ABOUT THIS EXERCISE: Take the data below. Output it exactly from its first line through the line containing "Tiffany ‘Favrile’ Iridescent".

(Stored data entries)
[Start of section]
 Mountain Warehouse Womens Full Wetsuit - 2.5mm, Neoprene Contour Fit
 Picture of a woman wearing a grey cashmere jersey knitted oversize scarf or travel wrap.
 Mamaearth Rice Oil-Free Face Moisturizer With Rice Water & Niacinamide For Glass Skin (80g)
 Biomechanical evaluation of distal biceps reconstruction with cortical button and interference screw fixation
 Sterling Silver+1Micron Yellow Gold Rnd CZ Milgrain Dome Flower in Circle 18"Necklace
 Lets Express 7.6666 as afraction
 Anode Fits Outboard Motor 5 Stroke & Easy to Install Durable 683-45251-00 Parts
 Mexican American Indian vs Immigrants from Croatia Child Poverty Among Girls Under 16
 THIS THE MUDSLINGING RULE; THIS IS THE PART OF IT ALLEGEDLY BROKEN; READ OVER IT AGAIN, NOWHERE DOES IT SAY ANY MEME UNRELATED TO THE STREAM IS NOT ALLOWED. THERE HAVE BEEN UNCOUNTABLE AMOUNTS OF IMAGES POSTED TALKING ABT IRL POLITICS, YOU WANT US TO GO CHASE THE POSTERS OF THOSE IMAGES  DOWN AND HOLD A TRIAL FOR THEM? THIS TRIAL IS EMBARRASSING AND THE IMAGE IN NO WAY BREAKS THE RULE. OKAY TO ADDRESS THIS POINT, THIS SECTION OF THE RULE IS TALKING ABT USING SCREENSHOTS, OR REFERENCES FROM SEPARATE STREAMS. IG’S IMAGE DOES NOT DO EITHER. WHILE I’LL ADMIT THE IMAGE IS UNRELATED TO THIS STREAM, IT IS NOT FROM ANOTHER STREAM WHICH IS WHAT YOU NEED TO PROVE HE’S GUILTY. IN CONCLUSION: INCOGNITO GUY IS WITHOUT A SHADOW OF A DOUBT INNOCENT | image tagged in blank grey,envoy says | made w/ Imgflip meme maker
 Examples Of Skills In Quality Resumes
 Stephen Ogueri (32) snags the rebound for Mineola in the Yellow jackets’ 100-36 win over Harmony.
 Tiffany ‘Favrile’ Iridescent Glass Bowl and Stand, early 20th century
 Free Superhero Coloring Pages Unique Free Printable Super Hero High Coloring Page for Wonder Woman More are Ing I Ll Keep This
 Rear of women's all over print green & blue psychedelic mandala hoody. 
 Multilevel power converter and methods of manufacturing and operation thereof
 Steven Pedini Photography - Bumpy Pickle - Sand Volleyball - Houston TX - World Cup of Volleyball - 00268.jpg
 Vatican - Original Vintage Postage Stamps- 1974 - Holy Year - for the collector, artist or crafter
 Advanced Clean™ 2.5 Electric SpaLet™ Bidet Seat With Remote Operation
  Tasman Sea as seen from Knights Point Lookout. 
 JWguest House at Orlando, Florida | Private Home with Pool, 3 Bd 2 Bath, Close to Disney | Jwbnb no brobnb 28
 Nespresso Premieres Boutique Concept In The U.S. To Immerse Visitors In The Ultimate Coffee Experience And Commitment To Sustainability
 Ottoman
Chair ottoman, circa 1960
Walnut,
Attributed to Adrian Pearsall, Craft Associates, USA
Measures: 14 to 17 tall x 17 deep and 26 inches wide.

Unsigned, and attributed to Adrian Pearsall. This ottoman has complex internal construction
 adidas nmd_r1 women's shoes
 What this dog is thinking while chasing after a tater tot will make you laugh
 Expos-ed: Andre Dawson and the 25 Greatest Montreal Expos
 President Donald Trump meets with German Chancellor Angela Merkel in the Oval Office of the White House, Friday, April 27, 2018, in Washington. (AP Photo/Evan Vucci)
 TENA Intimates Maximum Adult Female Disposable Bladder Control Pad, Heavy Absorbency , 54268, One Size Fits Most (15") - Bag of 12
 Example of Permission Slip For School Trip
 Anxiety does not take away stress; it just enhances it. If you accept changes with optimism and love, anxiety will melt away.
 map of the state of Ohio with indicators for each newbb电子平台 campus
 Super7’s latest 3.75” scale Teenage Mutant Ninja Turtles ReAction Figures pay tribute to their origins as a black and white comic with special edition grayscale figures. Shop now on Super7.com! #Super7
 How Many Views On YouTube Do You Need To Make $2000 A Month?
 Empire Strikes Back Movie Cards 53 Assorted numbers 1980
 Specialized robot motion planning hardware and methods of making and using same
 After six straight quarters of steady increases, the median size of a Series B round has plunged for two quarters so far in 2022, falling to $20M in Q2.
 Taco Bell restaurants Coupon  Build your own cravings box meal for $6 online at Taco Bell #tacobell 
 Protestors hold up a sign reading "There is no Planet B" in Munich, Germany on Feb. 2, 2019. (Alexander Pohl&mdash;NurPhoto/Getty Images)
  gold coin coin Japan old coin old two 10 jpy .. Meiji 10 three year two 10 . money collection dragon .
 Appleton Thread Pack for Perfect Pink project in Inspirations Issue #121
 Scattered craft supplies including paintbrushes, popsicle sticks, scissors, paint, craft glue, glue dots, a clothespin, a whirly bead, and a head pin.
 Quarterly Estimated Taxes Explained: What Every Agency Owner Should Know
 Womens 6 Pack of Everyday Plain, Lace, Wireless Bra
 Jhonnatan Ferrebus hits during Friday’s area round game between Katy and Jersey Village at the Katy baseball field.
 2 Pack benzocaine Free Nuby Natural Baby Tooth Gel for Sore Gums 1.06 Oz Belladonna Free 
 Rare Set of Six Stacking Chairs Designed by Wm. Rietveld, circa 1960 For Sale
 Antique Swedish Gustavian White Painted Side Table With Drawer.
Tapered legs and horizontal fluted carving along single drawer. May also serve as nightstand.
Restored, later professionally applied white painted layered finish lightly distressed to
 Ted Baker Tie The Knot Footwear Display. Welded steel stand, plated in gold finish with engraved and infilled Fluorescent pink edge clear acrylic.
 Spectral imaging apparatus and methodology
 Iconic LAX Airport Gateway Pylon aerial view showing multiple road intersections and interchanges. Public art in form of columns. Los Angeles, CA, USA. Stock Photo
[End of section]
REPLY TO THE TASK:
 Mountain Warehouse Womens Full Wetsuit - 2.5mm, Neoprene Contour Fit
 Picture of a woman wearing a grey cashmere jersey knitted oversize scarf or travel wrap.
 Mamaearth Rice Oil-Free Face Moisturizer With Rice Water & Niacinamide For Glass Skin (80g)
 Biomechanical evaluation of distal biceps reconstruction with cortical button and interference screw fixation
 Sterling Silver+1Micron Yellow Gold Rnd CZ Milgrain Dome Flower in Circle 18"Necklace
 Lets Express 7.6666 as afraction
 Anode Fits Outboard Motor 5 Stroke & Easy to Install Durable 683-45251-00 Parts
 Mexican American Indian vs Immigrants from Croatia Child Poverty Among Girls Under 16
 THIS THE MUDSLINGING RULE; THIS IS THE PART OF IT ALLEGEDLY BROKEN; READ OVER IT AGAIN, NOWHERE DOES IT SAY ANY MEME UNRELATED TO THE STREAM IS NOT ALLOWED. THERE HAVE BEEN UNCOUNTABLE AMOUNTS OF IMAGES POSTED TALKING ABT IRL POLITICS, YOU WANT US TO GO CHASE THE POSTERS OF THOSE IMAGES  DOWN AND HOLD A TRIAL FOR THEM? THIS TRIAL IS EMBARRASSING AND THE IMAGE IN NO WAY BREAKS THE RULE. OKAY TO ADDRESS THIS POINT, THIS SECTION OF THE RULE IS TALKING ABT USING SCREENSHOTS, OR REFERENCES FROM SEPARATE STREAMS. IG’S IMAGE DOES NOT DO EITHER. WHILE I’LL ADMIT THE IMAGE IS UNRELATED TO THIS STREAM, IT IS NOT FROM ANOTHER STREAM WHICH IS WHAT YOU NEED TO PROVE HE’S GUILTY. IN CONCLUSION: INCOGNITO GUY IS WITHOUT A SHADOW OF A DOUBT INNOCENT | image tagged in blank grey,envoy says | made w/ Imgflip meme maker
 Examples Of Skills In Quality Resumes
 Stephen Ogueri (32) snags the rebound for Mineola in the Yellow jackets’ 100-36 win over Harmony.
 Tiffany ‘Favrile’ Iridescent Glass Bowl and Stand, early 20th century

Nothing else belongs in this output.